__TASK DIRECTIONS__
Could you write out, exactly as they stand, only the lines in the listing below from the line with "Polo en coton" to the line with "Christ Alone Can", both ends included, without the pictures?

__INPUT FOR THIS TASK__
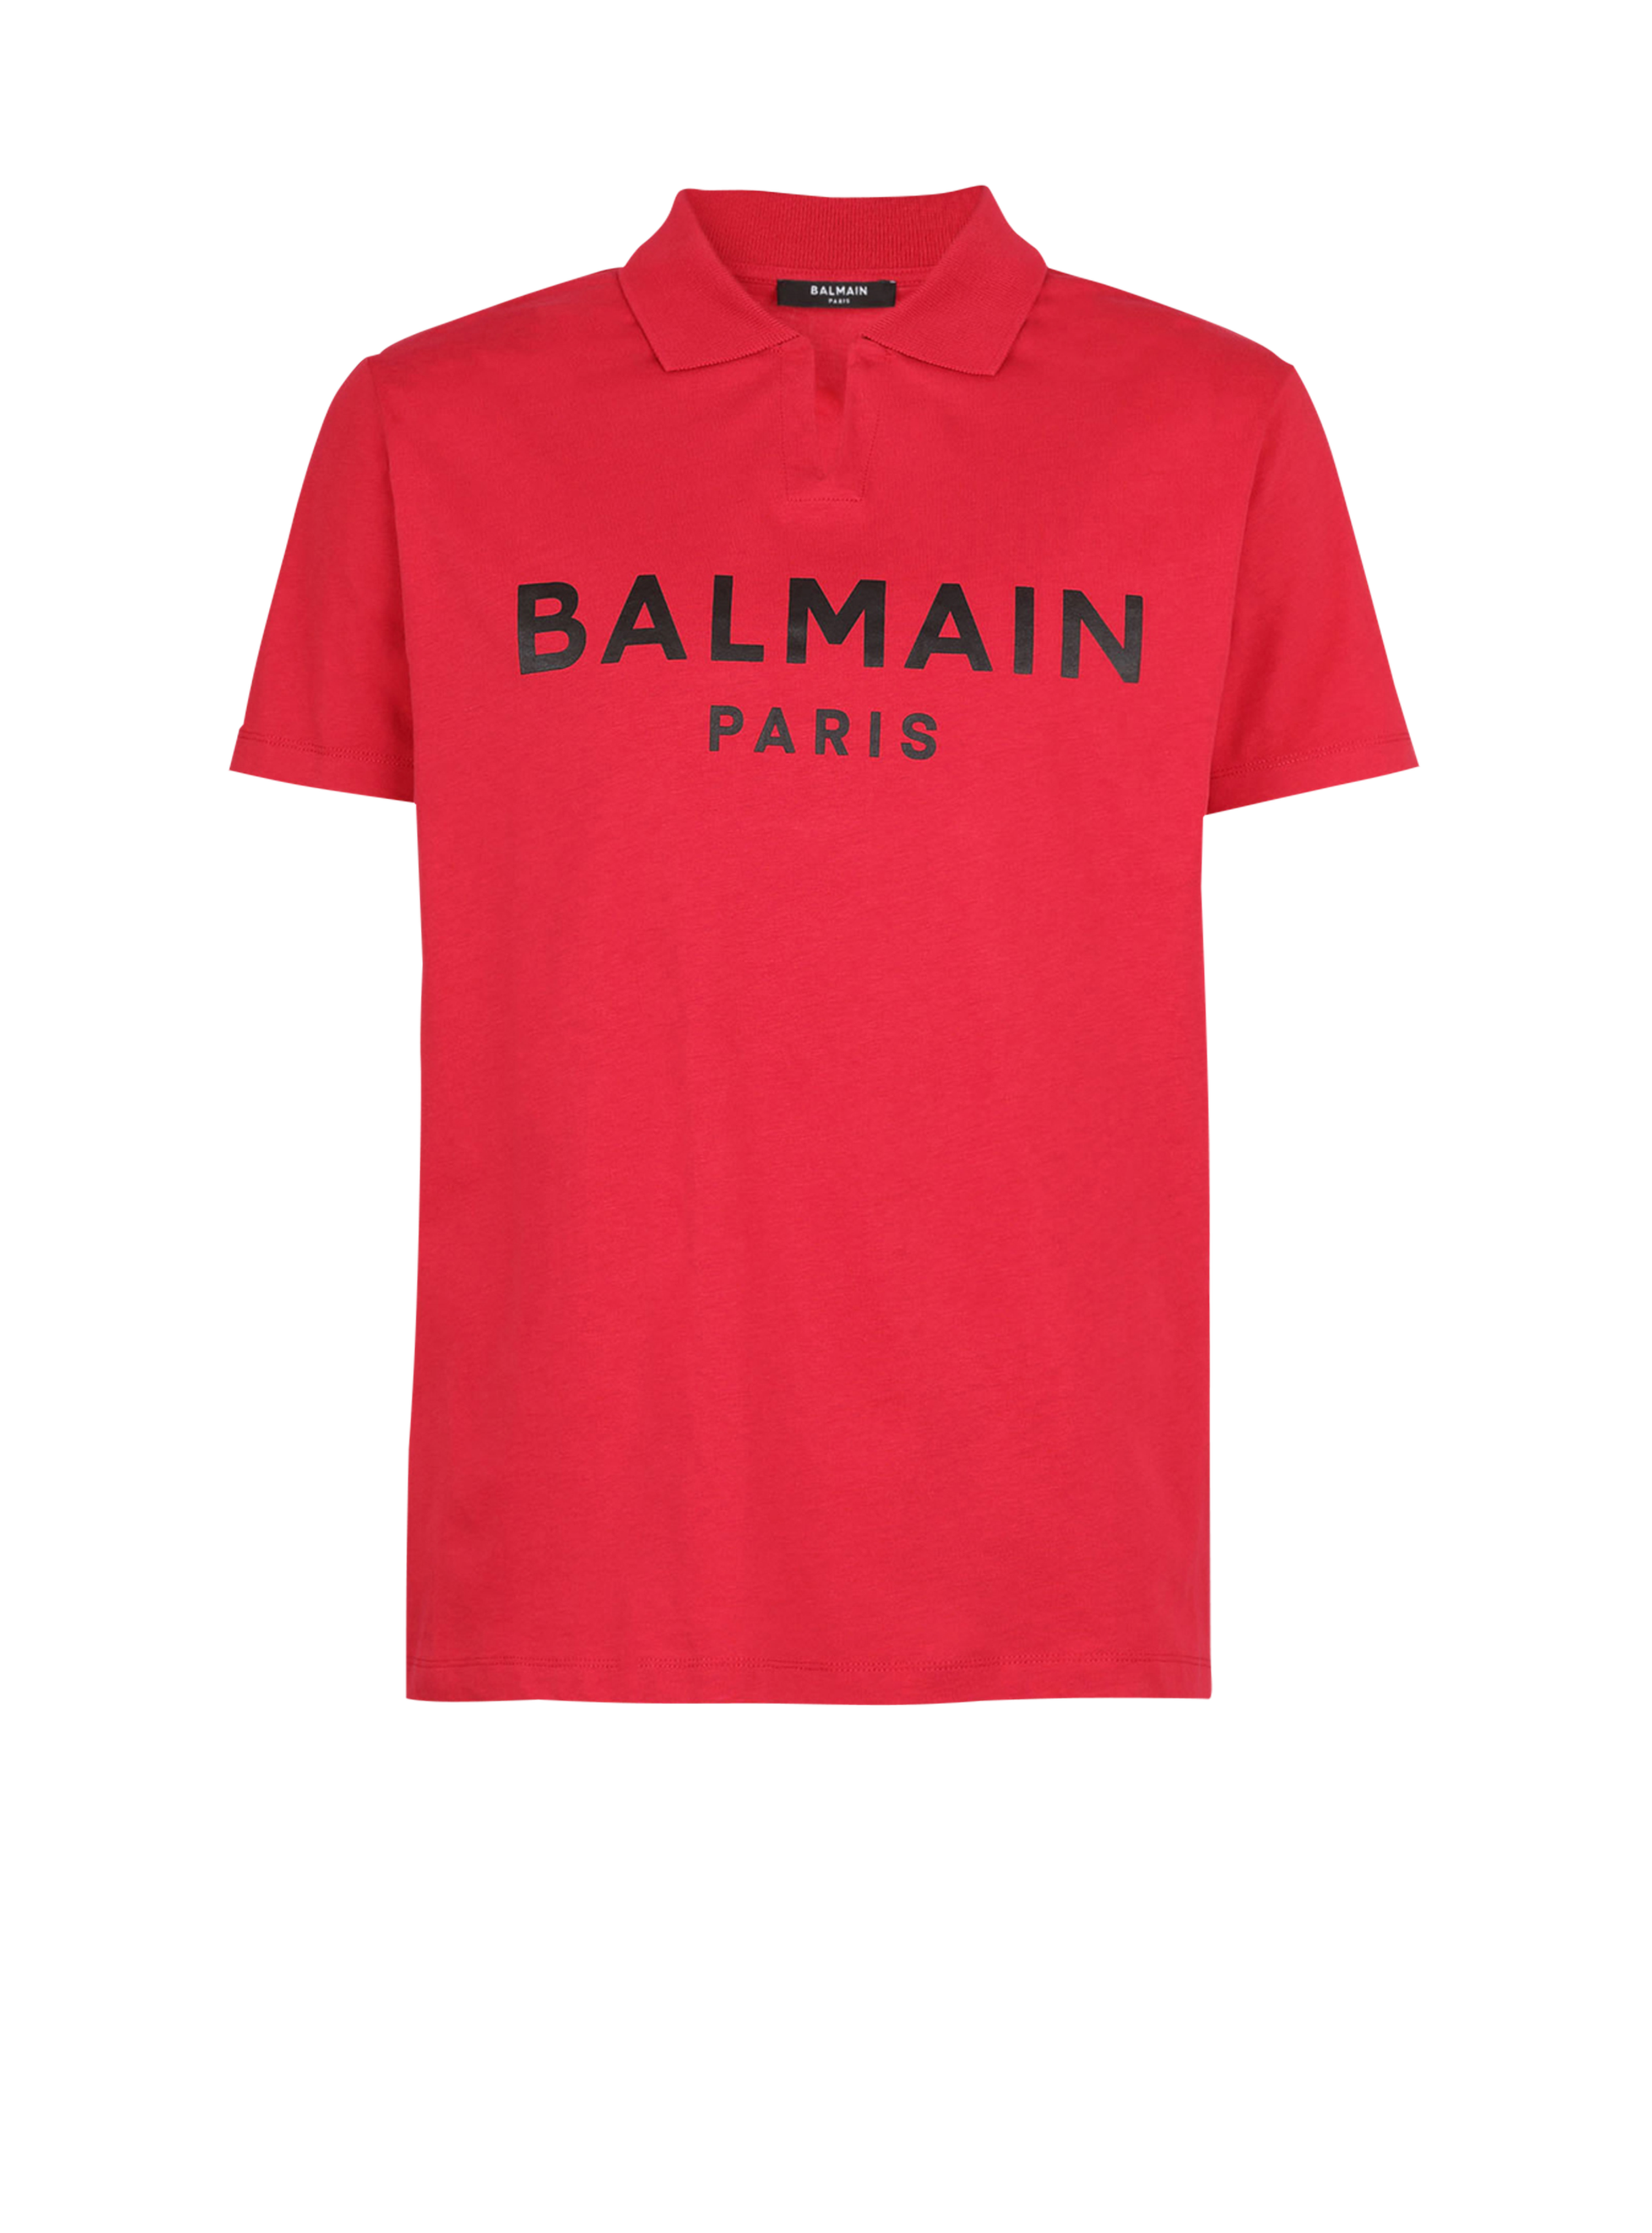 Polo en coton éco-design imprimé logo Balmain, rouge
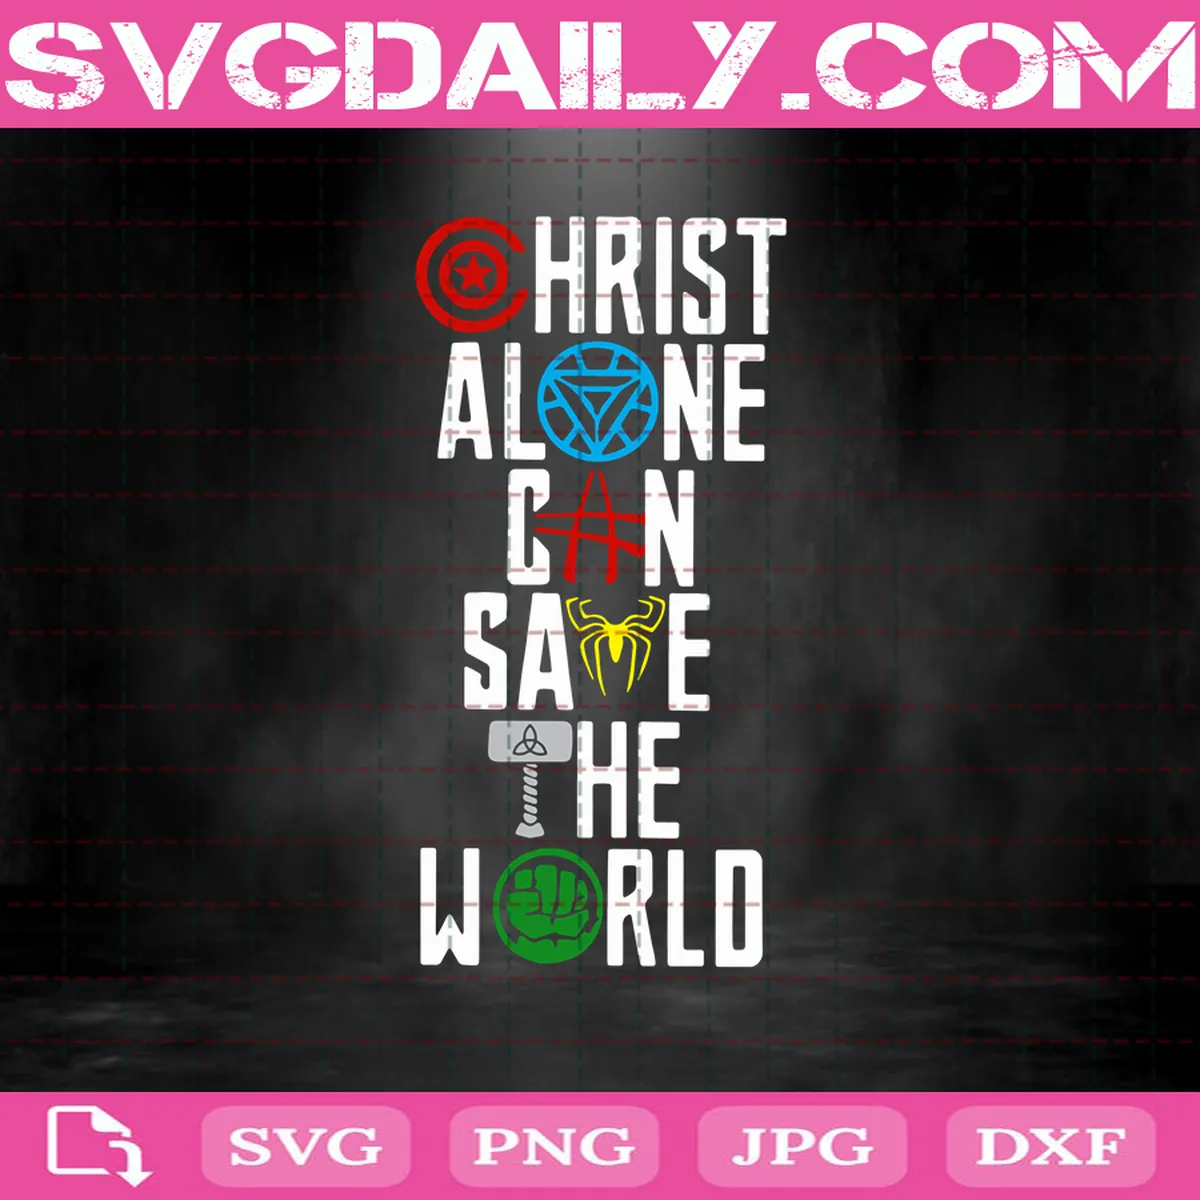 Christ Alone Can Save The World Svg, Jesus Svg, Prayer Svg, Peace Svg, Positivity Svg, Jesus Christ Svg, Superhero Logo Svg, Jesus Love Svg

...

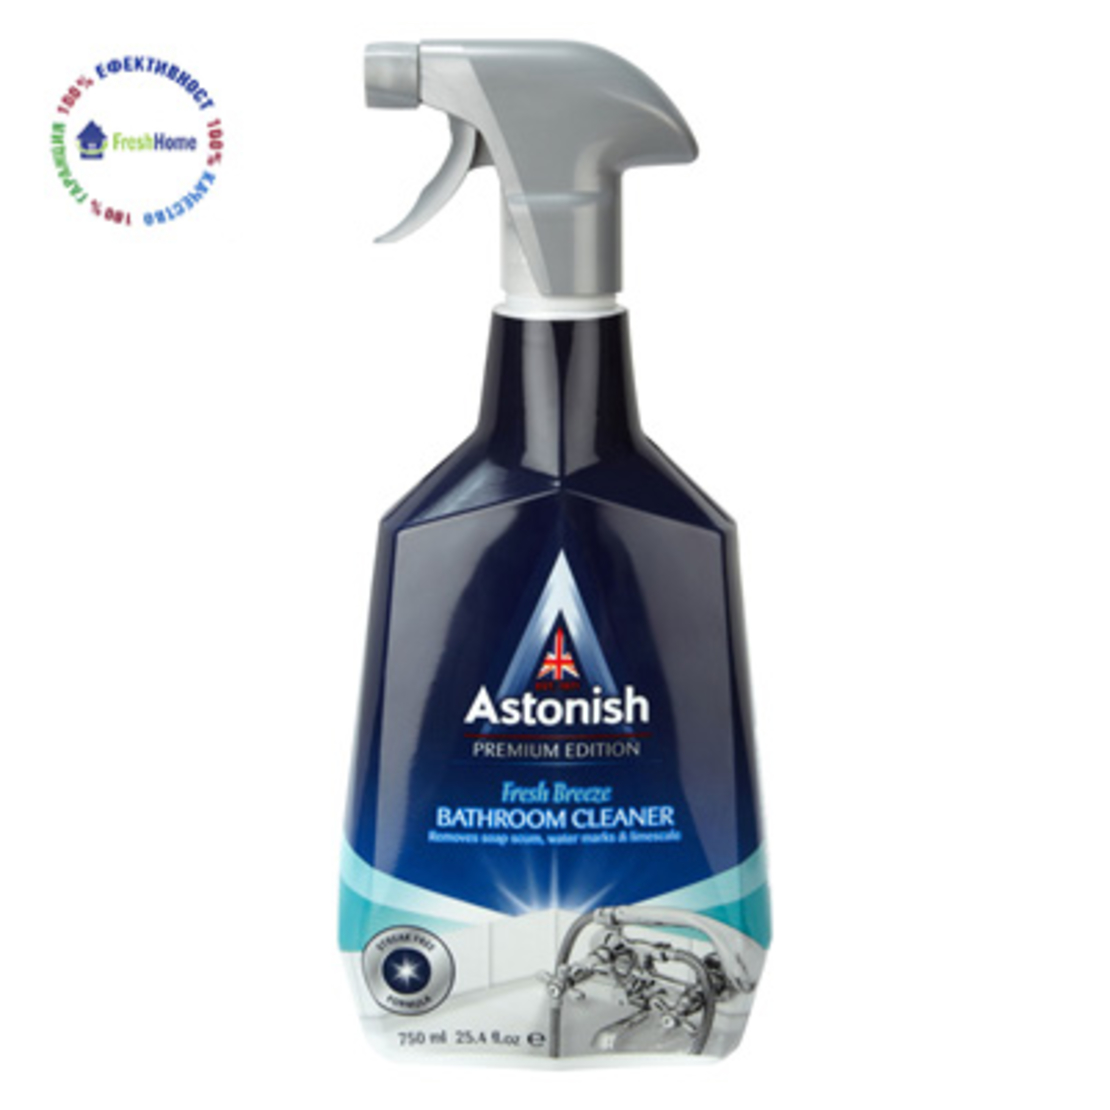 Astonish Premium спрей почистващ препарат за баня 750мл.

__OUTPUT OF THE EXERCISE__
 Polo en coton éco-design imprimé logo Balmain, rouge
 Christ Alone Can Save The World Svg, Jesus Svg, Prayer Svg, Peace Svg, Positivity Svg, Jesus Christ Svg, Superhero Logo Svg, Jesus Love Svg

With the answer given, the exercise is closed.